Este é o aspecto mais ambivalente concernente a tais criaturas. Como será o desenrolar a partir da inserção da escrita e da leitura na formação da nova raça? Sendo crianças muito perspicazes, como a narrativa sugere, certamente aprenderão rápido e passarão as informações umas para as outras, consumindo e transcriando aquilo que foi ensinado por Toby. A própria narradora questiona: “Have I ruined them?” [Será que os estraguei?]. A indagação remete ao projeto original de Crake, que previa uma raça sem acesso às informações do mundo humano. Como eles se desenvolverão a partir da interferência de Toby?

Esta é uma questão que nos direciona para a noção de devir desses humanoides, os quais se apresentam como seres fluidos e híbridos na própria constituição de misturado material genético humano com o de animais e plantas. Na interação com os humanos, subvertem inclusive a condição imposta pelo seu criador (parar a condição humana), e a partir da alfabetização de Blackbeard — o primeiro dos Crakers a desenvolver a habilidade da escrita — podemos vislumbrar um provável processo de reumanização, através do resgate daquilo que Crake tentou apagar:

Eu sou Blackbeard, e esta é a minha voz que estou escrevendo para ajudar Toby. Se olharem para este escrito que eu fiz, vocês podem me ouvir (eu sou Blackbord) falando com vocês, dentro da sua cabeça. Isto que é escrita. Mas os Porcões podem fazer isso sem escrever. E às vezes nós podemos também, os Filhos de Crake. Os duas-peles não podem fazer isso

(Atwood, 2013ATWOOD, Margaret. MaddAddam. New York: Nan A. Talese Doubleday, 2013., p. 377, tradução minha).21 21 No original: “I am Blackbeard, and this is my voice that I am writing down to help Toby. If you look at this writing I have made, you can hear me (I am Blackbord) talking to you, inside your head. That is what writing is. But the Pig Ones can do that without writing. And sometimes we can do it, the Children of Crake. The two-skinned ones cannot do it”.

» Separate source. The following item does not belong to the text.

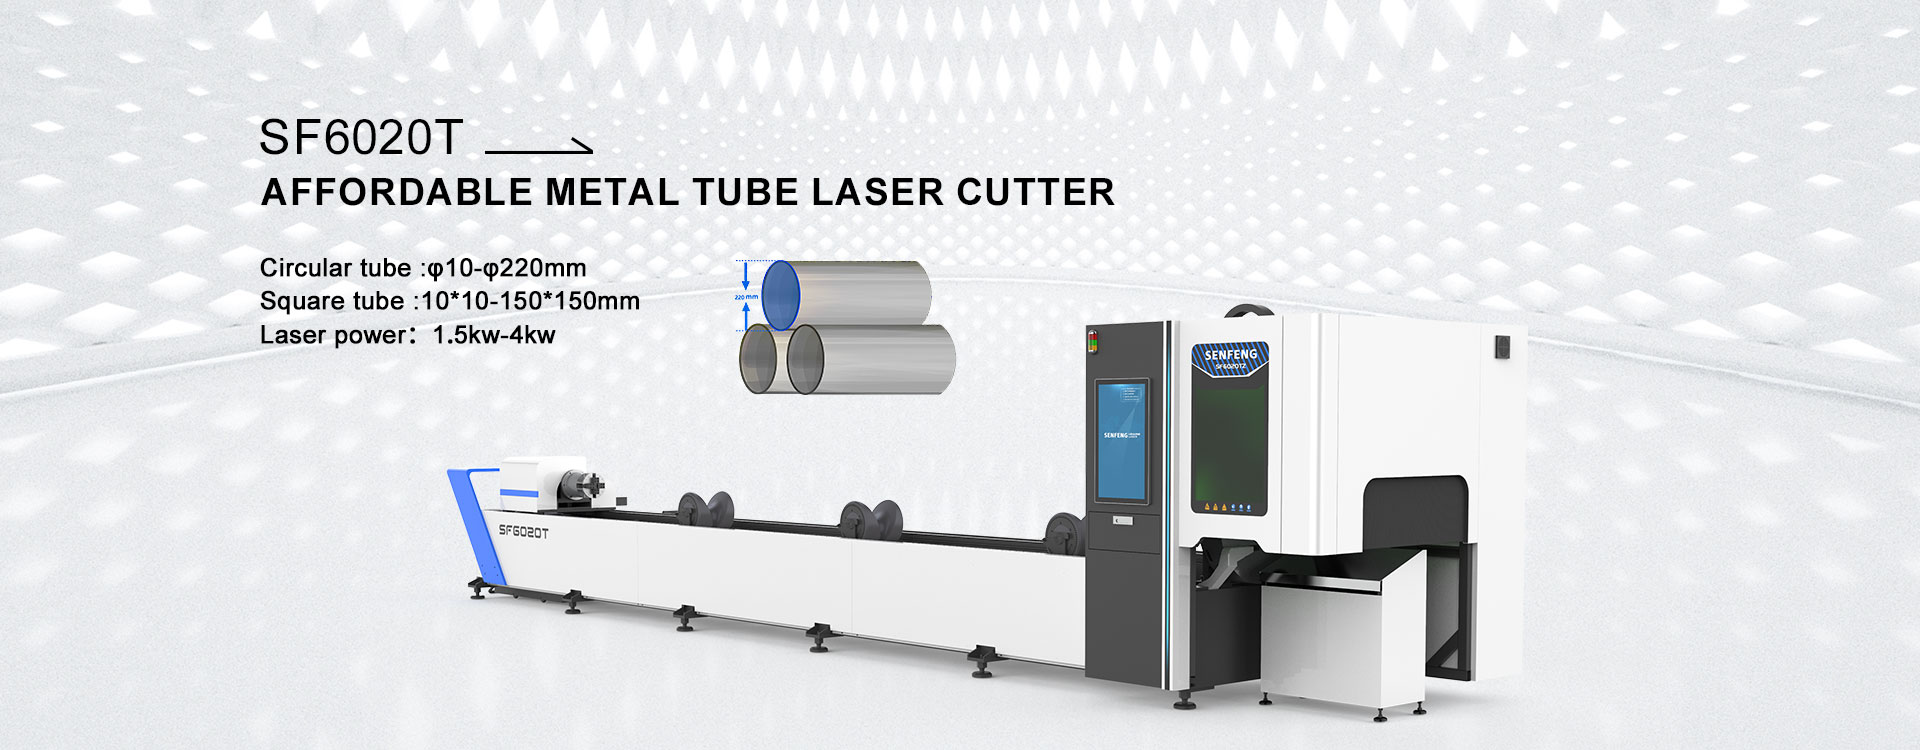 Affordable metal tube laser cutter

As orações simples e erro de ortografia do próprio nome (Blackbord) sinalizam que a personagem ainda tem certa dificuldade em articular a escrita. Independentemente disso, no entanto, Blackbeard destaca nesse excerto um traço marcante dos Crakers: a cooperação. Como ele mesmo coloca, escreve para ajudar Toby. Através da citação, o/a leitor/a consegue vislumbrar o encontro de três espécies distintas: os Filhos de Crake, os Porcões [Pig Ones] e os humanos, os ditos “duas-peles” [two-skinned ones]. Este grupo de seres diferentes é o que vai formar uma comunidade multiespécie no contexto pós-humano, conforme proponho analisar a partir daqui.

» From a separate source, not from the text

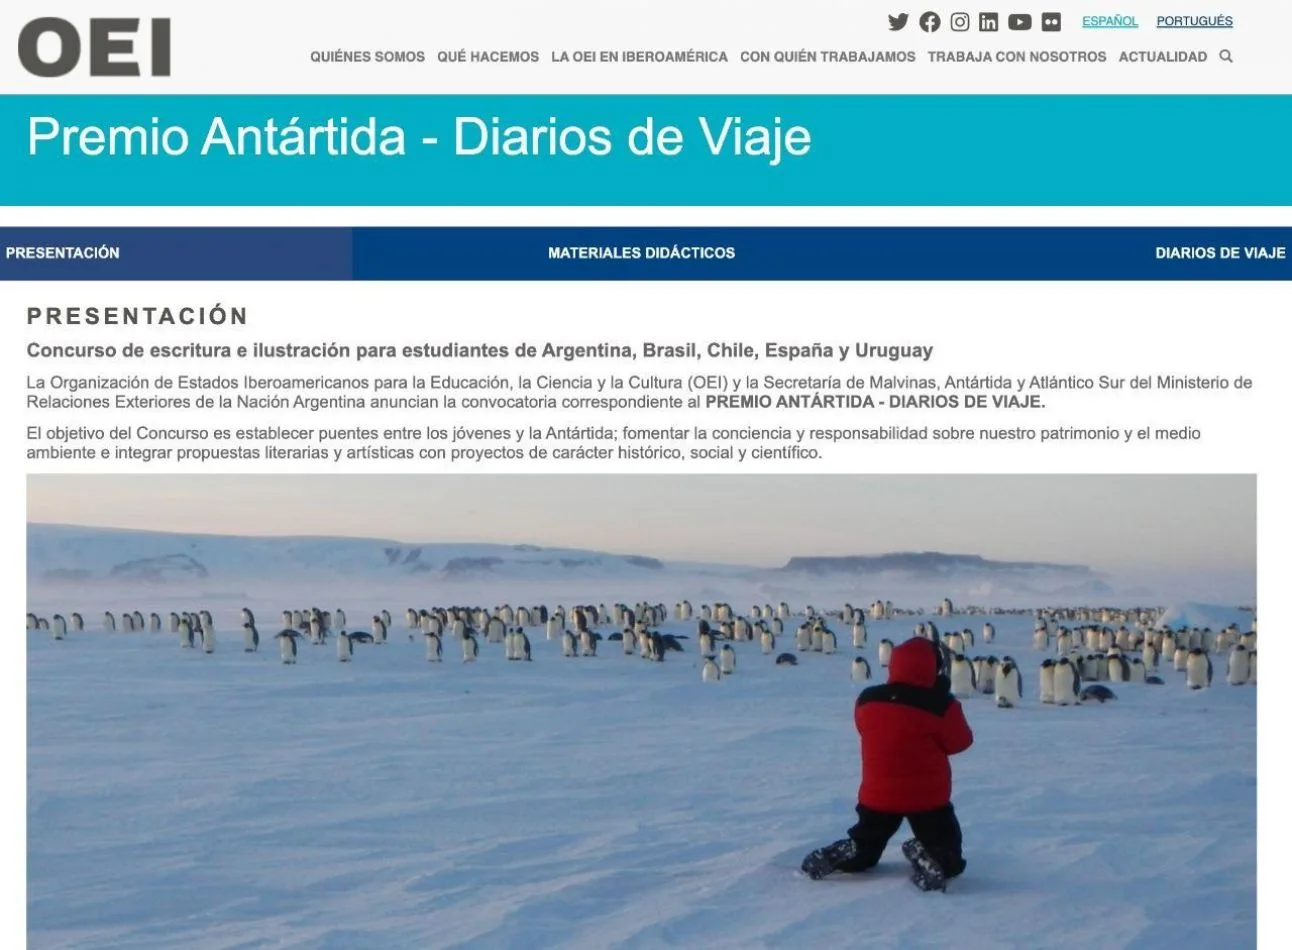 Concurso Internacional de Escritura e Ilustración sobre la Antártida

Antes de prosseguir, recorro mais uma vez às reflexões de Krenak em uma das passagens que considero mais genuínas e potentes em seu Futuro ancestral. Ele, portanto, nos narra acerca de seu aprendizado enquanto indígena que recebeu a partir da fricção com a natureza:

Essa liberdade que tive na infância de viver em conexão com tudo aquilo que percebemos como natureza me deu o entendimento de que eu também sou parte dela. Então, o primeiro presente que ganhei com essa liberdade foi a de me confundir com a natureza num sentido amplo, de me entender como uma extensão de tudo, e ter essa experiência do sujeito coletivo. Trata-se de sentir a vida nos outros seres, numa árvore, numa montanha, num peixe, num pássaro, e se implicar

(Krenak, 2022KRENAK, Ailton. Futuro ancestral. São Paulo: Companhia das Letras, 2022., p. 102-103).

O pensamento acima evoca reverberações na caracterização dos neoindígenas em MaddAddam. Os Crakers são na verdade seres híbridos, resultado de uma mistura de espécies distintas, desafiando assim os limites impostos por uma visão antropocêntrica, informada pela lógica ocidental, e que é frequentemente criticada pela filosofia de Ailton Krenak. Parece-me que ambos, Krenak (a partir de sua experiência) e Atwood (na sua criatividade especulativa) convergem na mesma direção: o resgate de vínculos com a ancestralidade para a construção de uma aliança multiespécie.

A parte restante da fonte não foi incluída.